Para aclararle a Hernán y a los lectores, esto último es lo que, precisamente, sucede. Tomando prestadas algunas técnicas del relato policial de suspenso, vamos enterándonos de qué le pasa al violador y su intervención, al final de la historia, es llamativamente importante.

Por el otro lado, de entre las diferencias culturales y antropológicas, resalta el tipo de matrimonio tripartito barast (cada persona tiene un hombre-compañero y una mujer-compañera), la ausencia total de creencias religiosas (según la hipótesis del libro, de origen probablemente genético) y una cultura y civilización modalizada, entre otros factores, por el agudísimo olfato de los neanderthales, que les permite, literalmente, oler las mentiras, así como las feromonas y otros aromas biológicos.

Todo esto enmarcado en un contexto literario que, al decir de Miquel Barceló, el prologuista de la saga, demuestra “la facilidad didáctica de Sawyer para hacer llegar al lector, incluso al no experto, los elementos centrales de las ideas científicas más complejas (ingeniería genética y paleontología en aquel caso) [...] Sus obras son amenas y entretenidas; sin serlo realmente (hay mucho trabajo tras las bambalinas…) parecen lineales y sencillas; y resultan sumamente fáciles y agradables de leer”.

Para Sawyer es mucho más importante la problemática de la religión (recuérdese El Cálculo de Dios, otra novela en la que la búsqueda de un dios resulta ser fundamental) y cómo influye en todos los aspectos de la vida que, por ejemplo, la conspiración de científicos norteamericanos para alienar el mundo paralelo neanderthal (si bien, en el desenlace final, resulta una pieza clave).

Claro, Sawyer es canadiense y eso no hay que olvidarlo.
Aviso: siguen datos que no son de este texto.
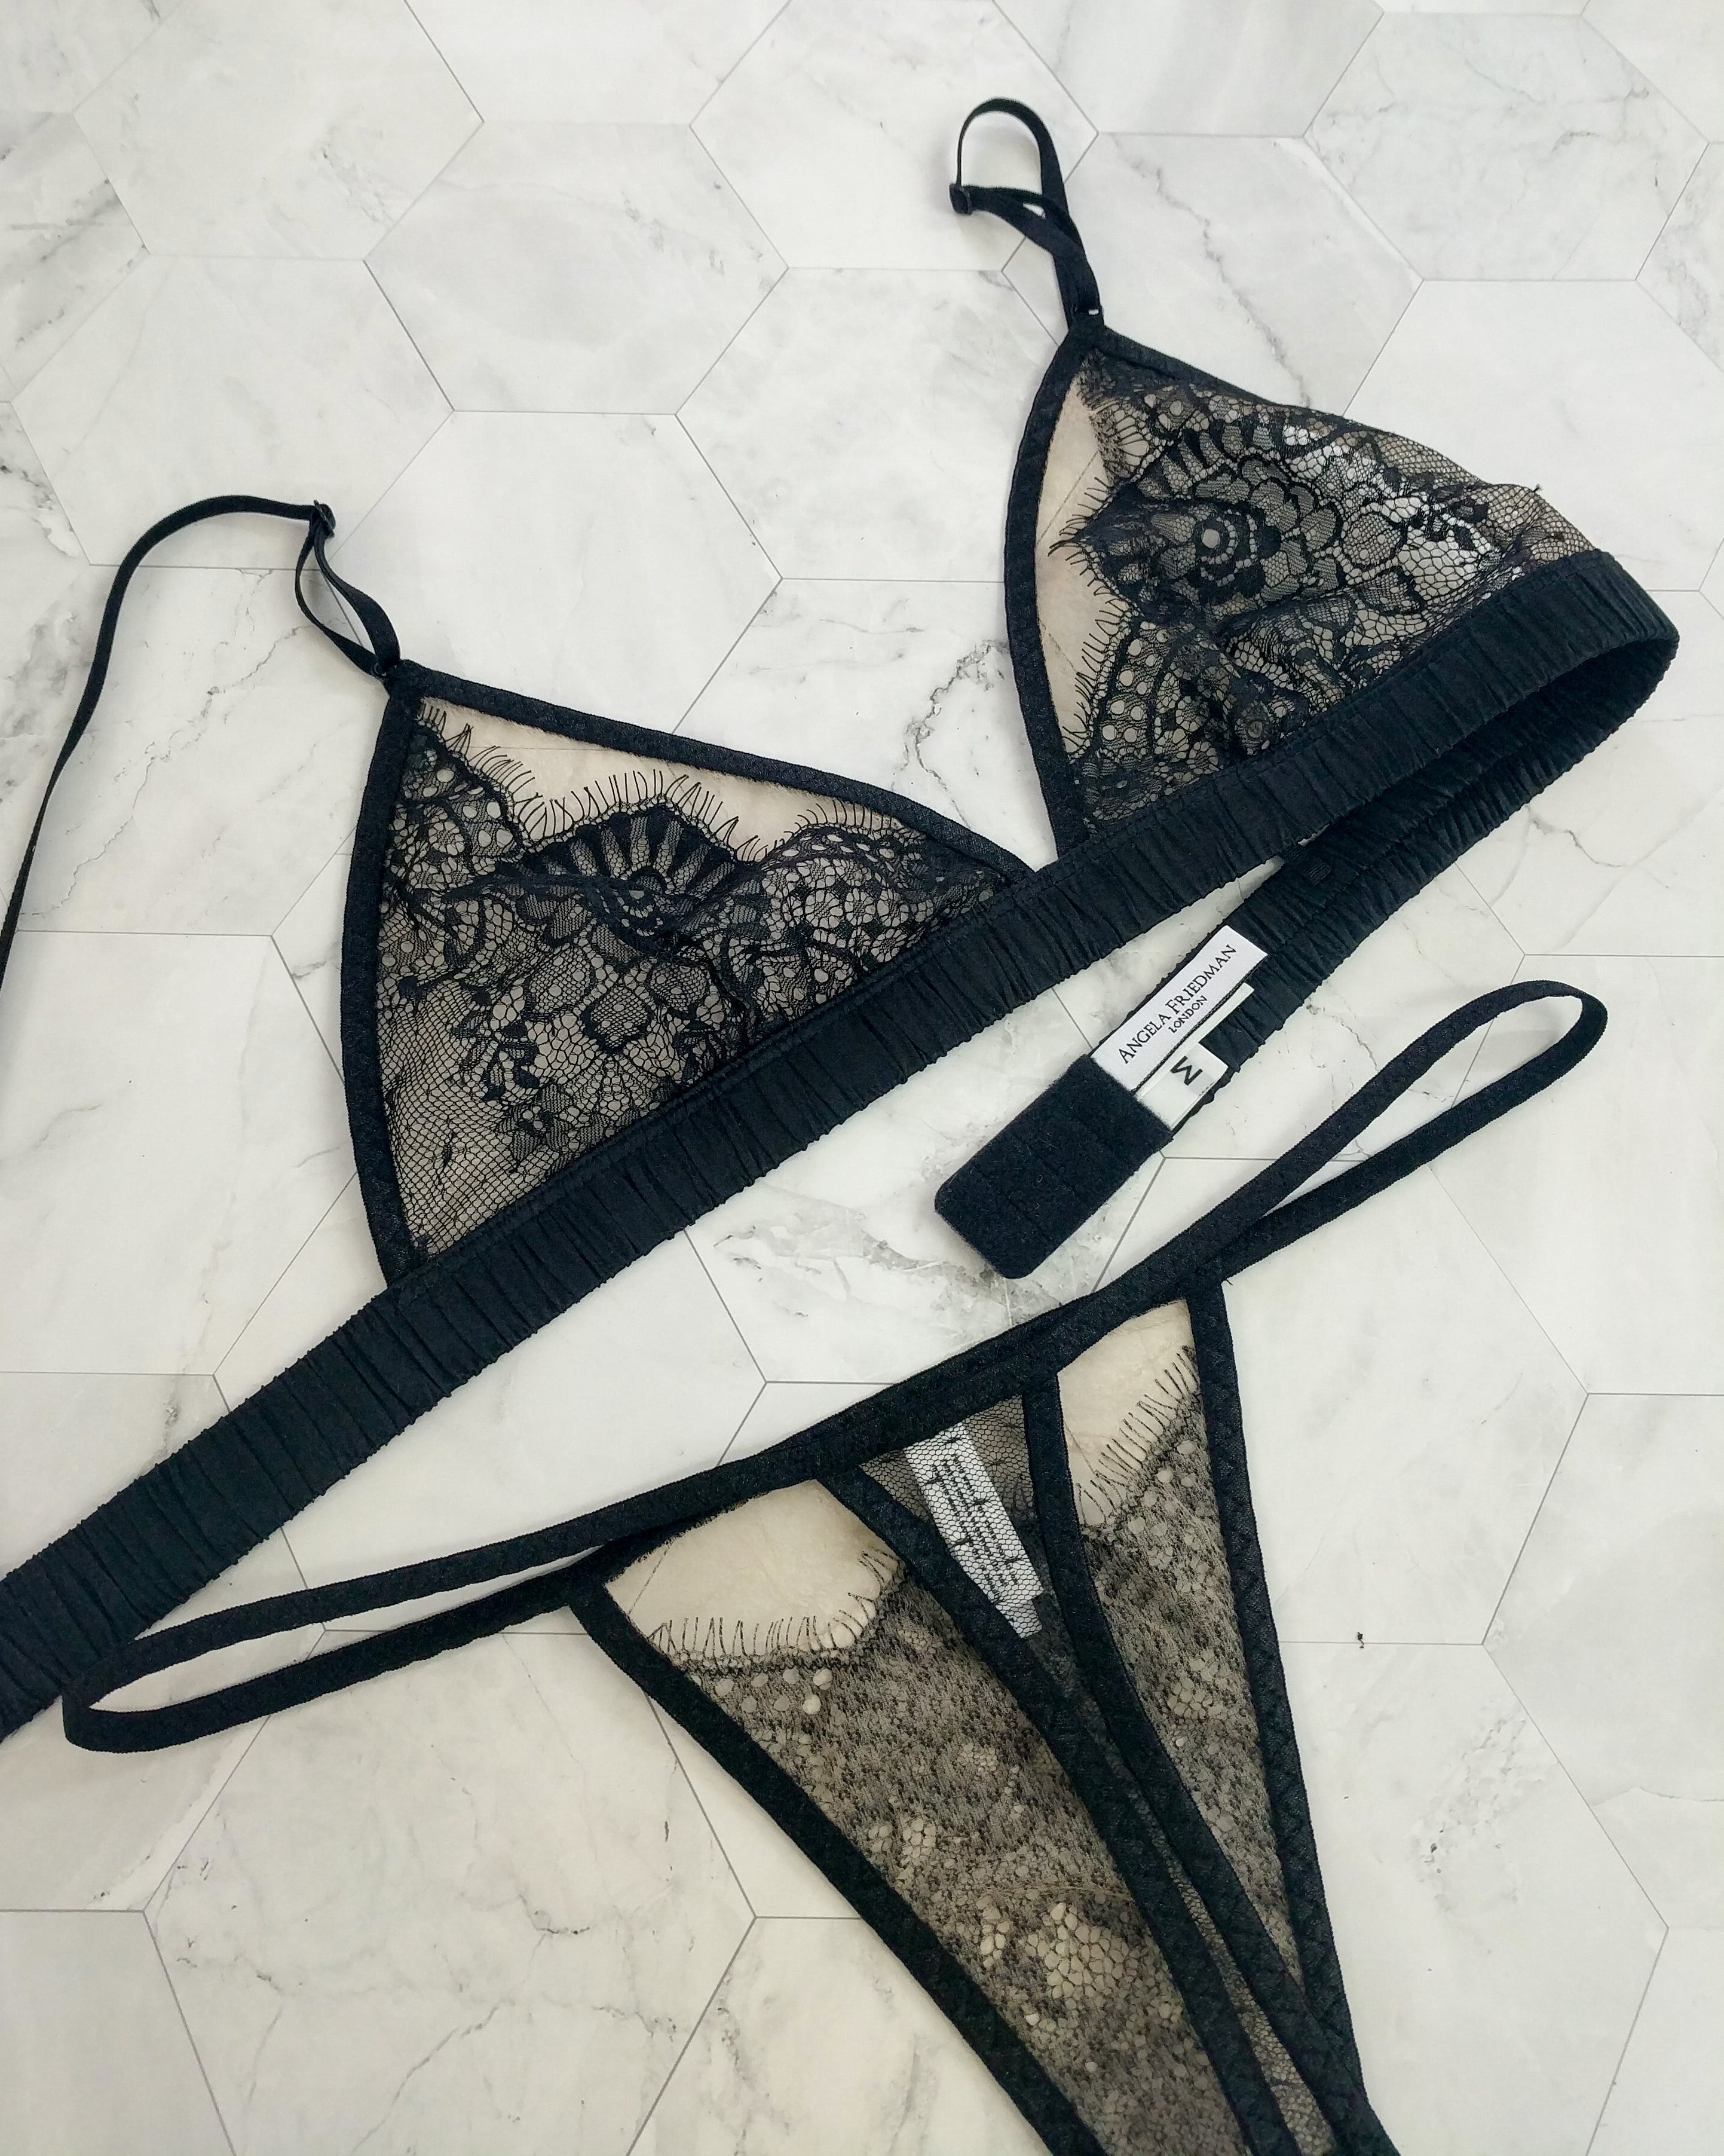 Handmade lingerie set in black lace with a thong and black bra

A pesar de la cercanía con los Estados Unidos, Canadá es, a pesar de la perogrullada, otro país. En USA (y no hablar en Argentina) una figura extraordinaria (esto es, fuera de lo ordinario) y, a la vez, inquietante, no podría andar tranquilamente por la calle ni, mucho menos, pasear de noche solitariamente. Por lo menos no sin ser seguido (en USA, por lo menos) por algún servicio de inteligencia antiterrorista.

Hay que reconocer que, desde este punto de vista, Sawyer es más británico que americano y eso implica, además, caer en ciertas ingenuidades que son, por momentos, difíciles de salvar. Pero el humor irónico no deja de hacer su aparición, esporádicamente.
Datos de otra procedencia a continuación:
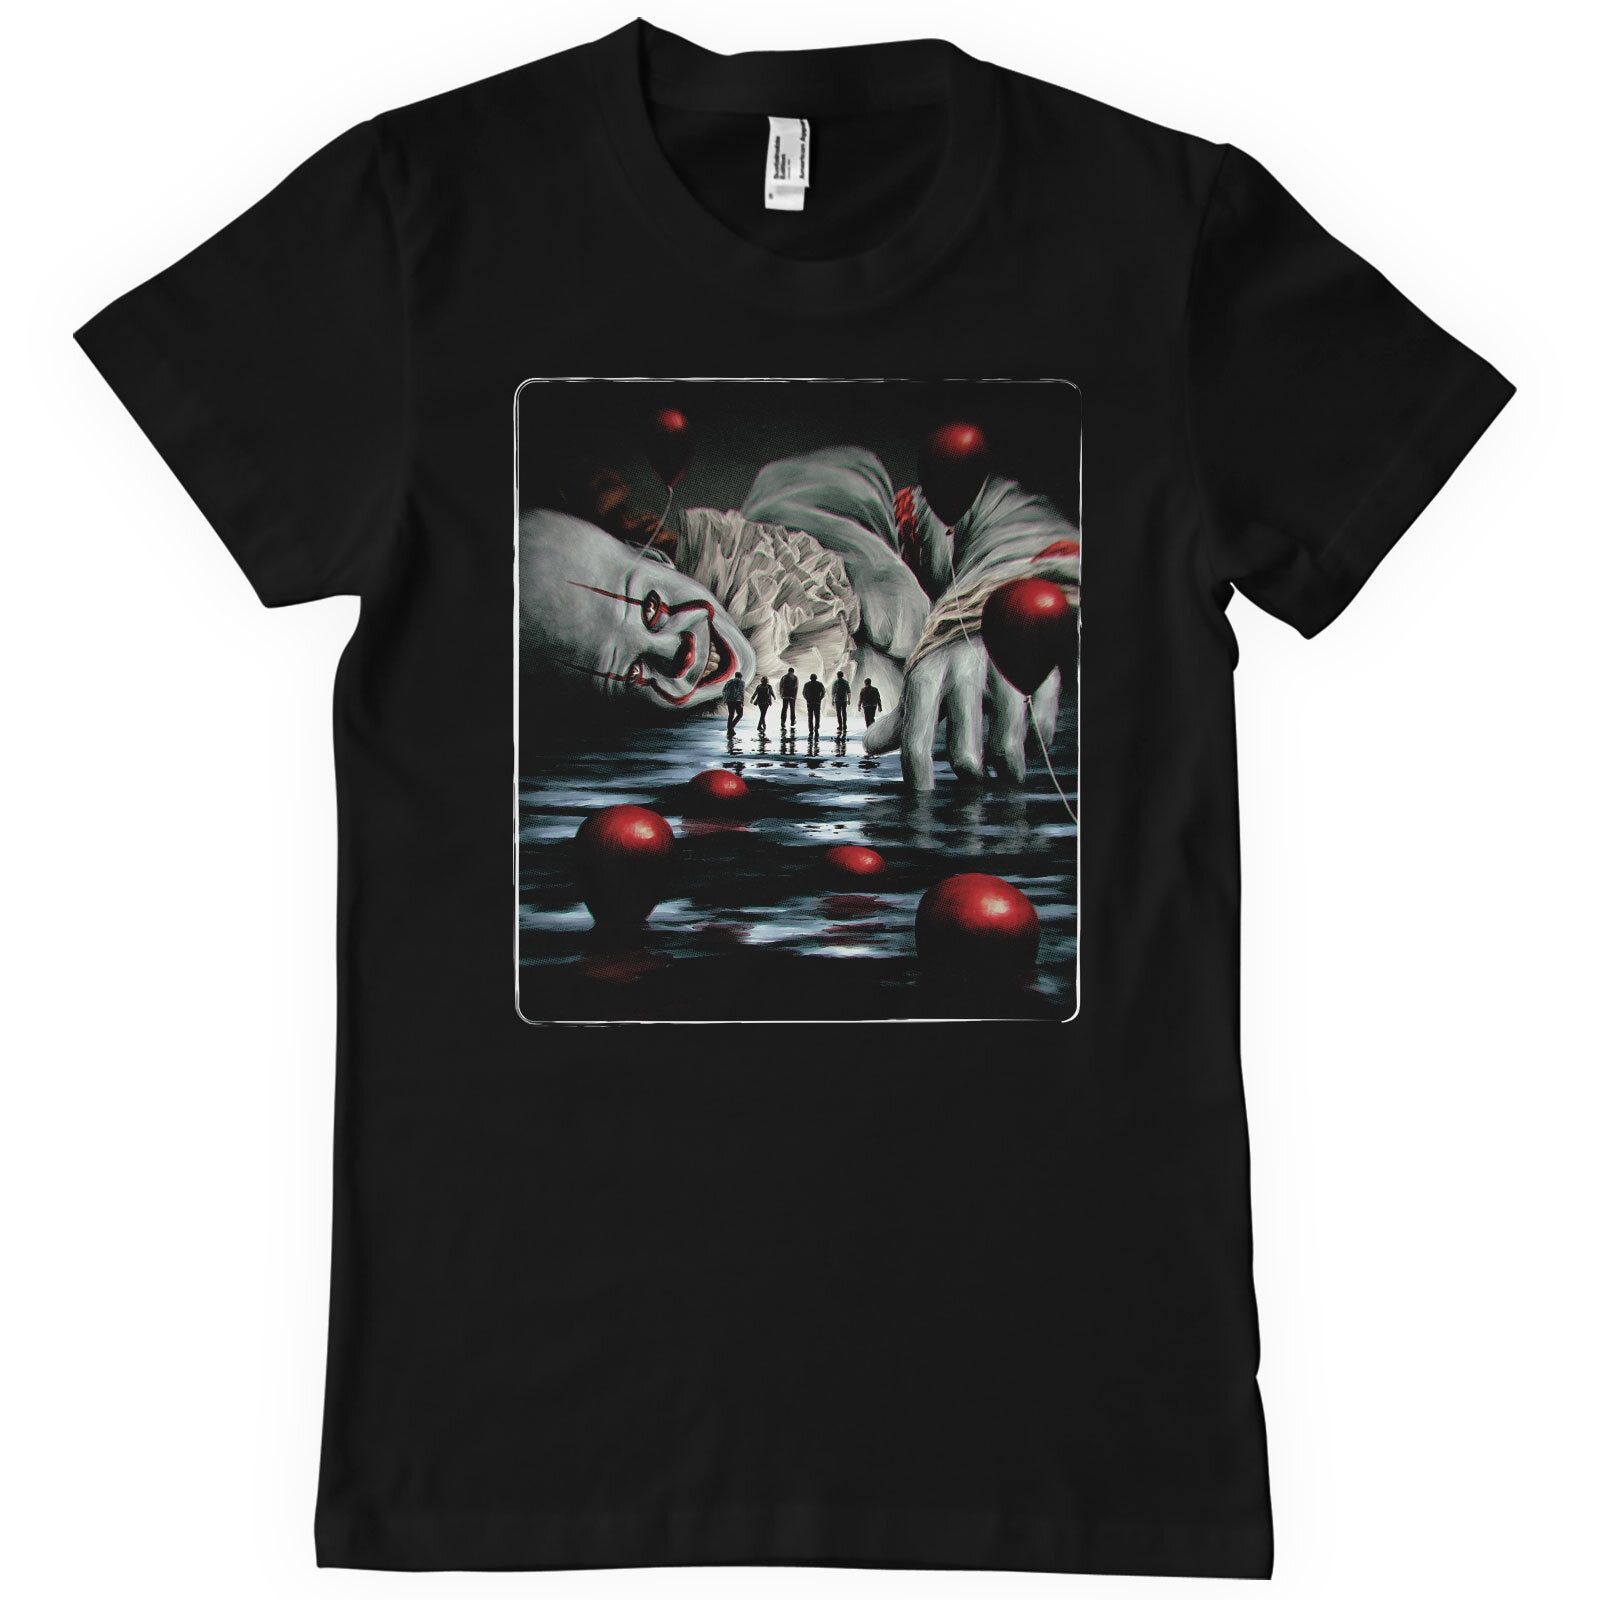 IT - Pennywise Floating T-Shirt

Y, como dice Barceló, la extensiva documentación previa de Sawyer hace que las hipótesis científicas descerrajadas a lo largo del libro no sólo cuadren armónicamente, sino que den un contexto ajustado. No hablemos sólo de las últimas investigaciones neurológicas, esas que señalan que nuestro sistema de creencias está alojado en un sector de nuestro lóbulo parietal izquierdo, sino hasta de nimiedades tales como la imposibilidad de pronunciar ciertas vocales (por la estructura craneal neanderthal) o el hecho de que, debido a su peculiar “rodete occipital”, los barasts no necesitan, como nosotros, sostenerse la barbilla para pensar.
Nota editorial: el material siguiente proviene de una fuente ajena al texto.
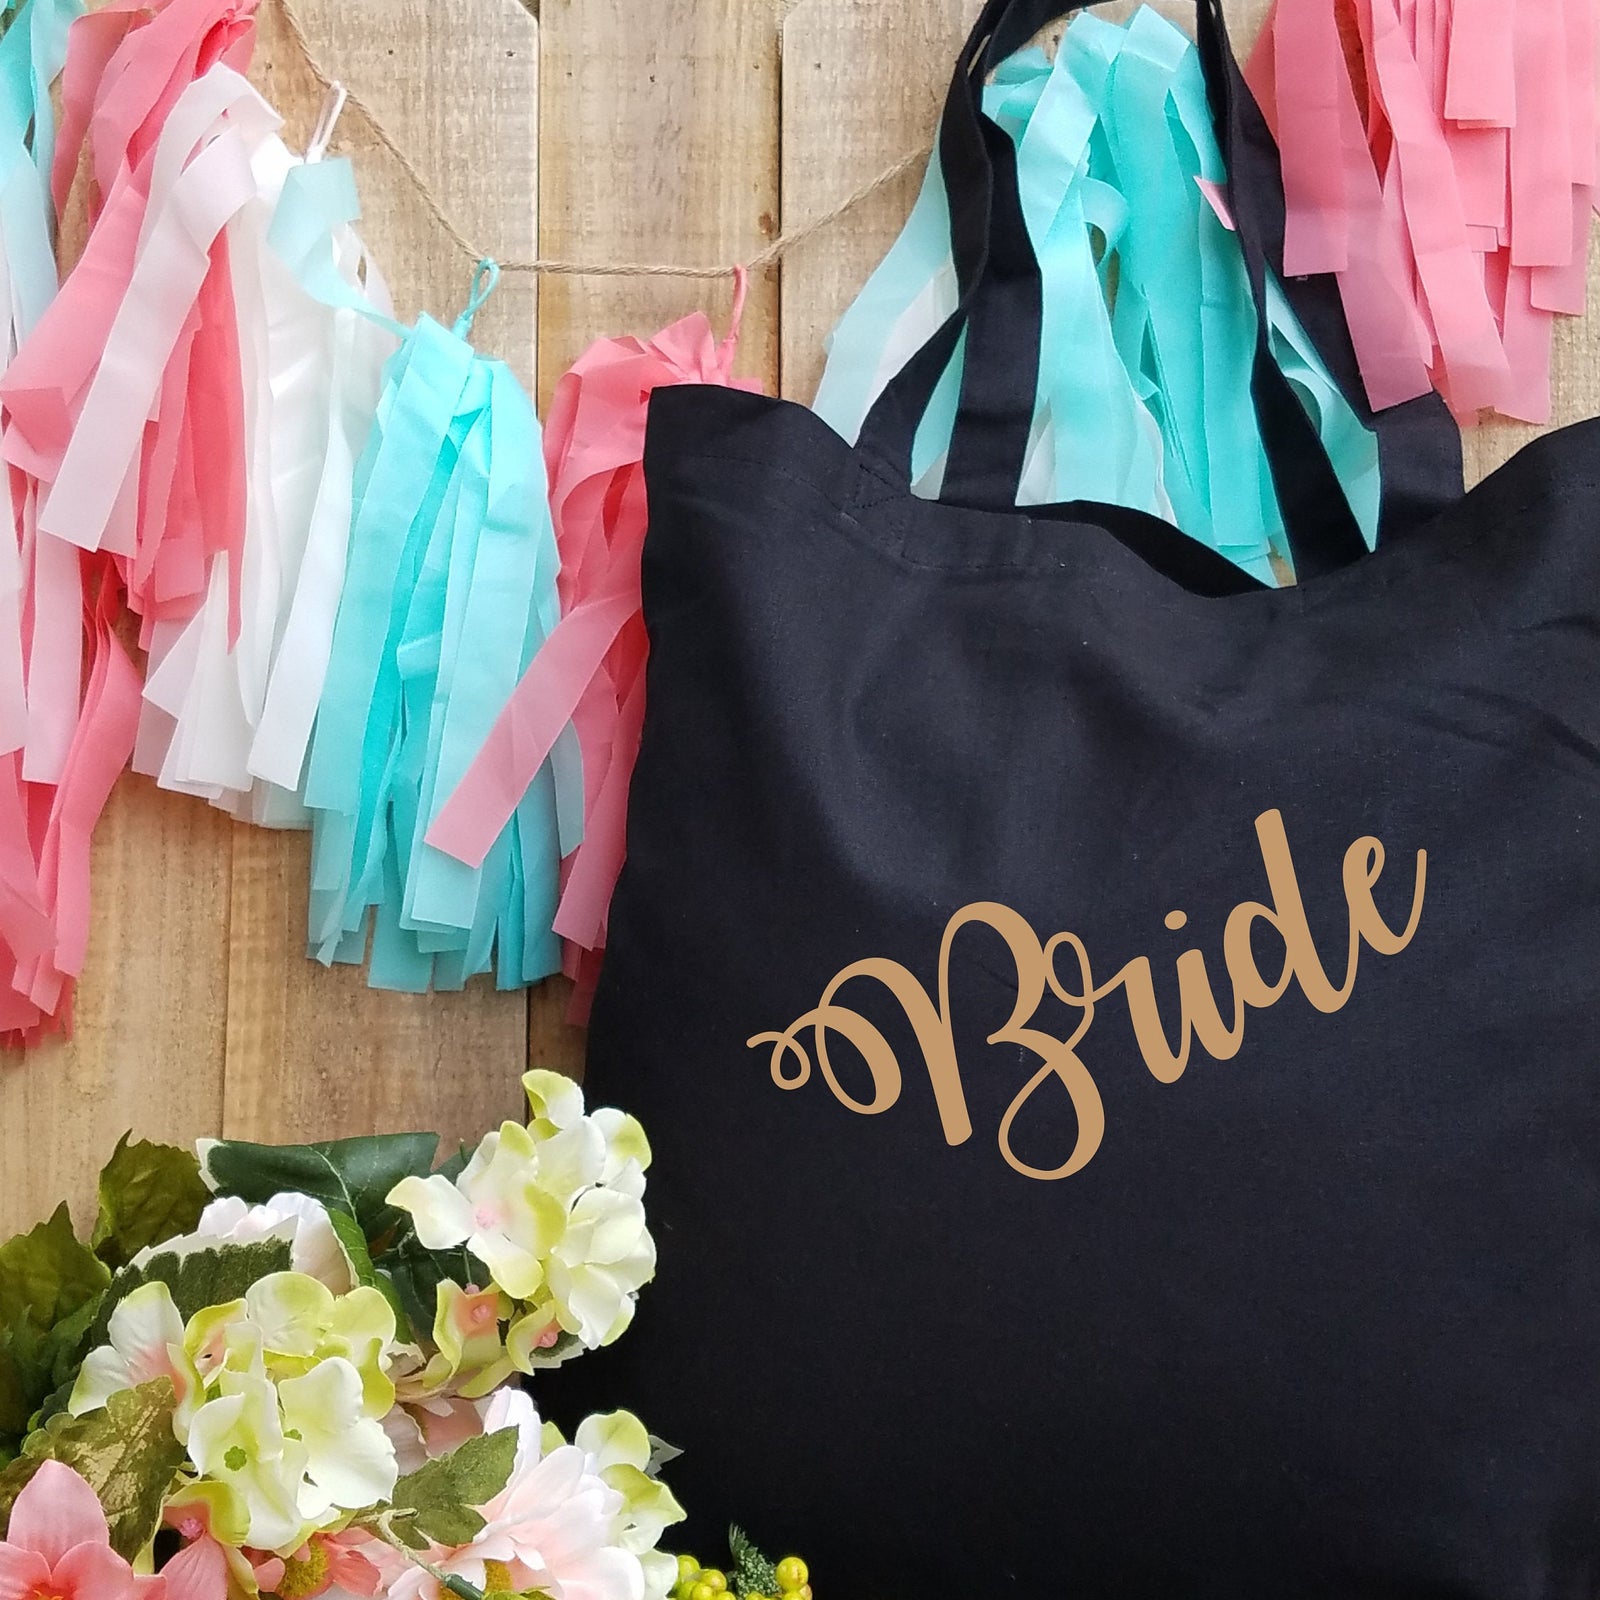 Bridal Party Tote Bag Personalized with Floral Monogram

Sawyer combina, en esta saga, dos subgéneros de la . Por un lado, la ucronía, aquí representada por el “qué pasaría si los neanderthal fueran los sobrevivientes” (con Sadrac en el horno como uno de los ejemplos más acabados, en un mundo donde Hitler y el nazismo habían ganado la guerra) y, por el otro, el de las civilizaciones alternativas (como ejemplos tenemos a Dune y a Hierba y, más cerca nuestro, La Canción de Maguerra, de Alejandro Alonso). Y la verdad, le sale bastante bien.

Definitivamente Sawyer no alcanza las alturas de un Asimov o un Clarke (en el fondo la ficción del canadiense es “dura”), aunque no le anda lejos, pero lo que nos parece más extraño de todo, es que lo que podría ser “anticipación”, en El Paralaje Neanderthal está referido al pasado, o sea, a las edades prehistóricas, más que al futuro o al espacio. Y eso, convengamos, es raro.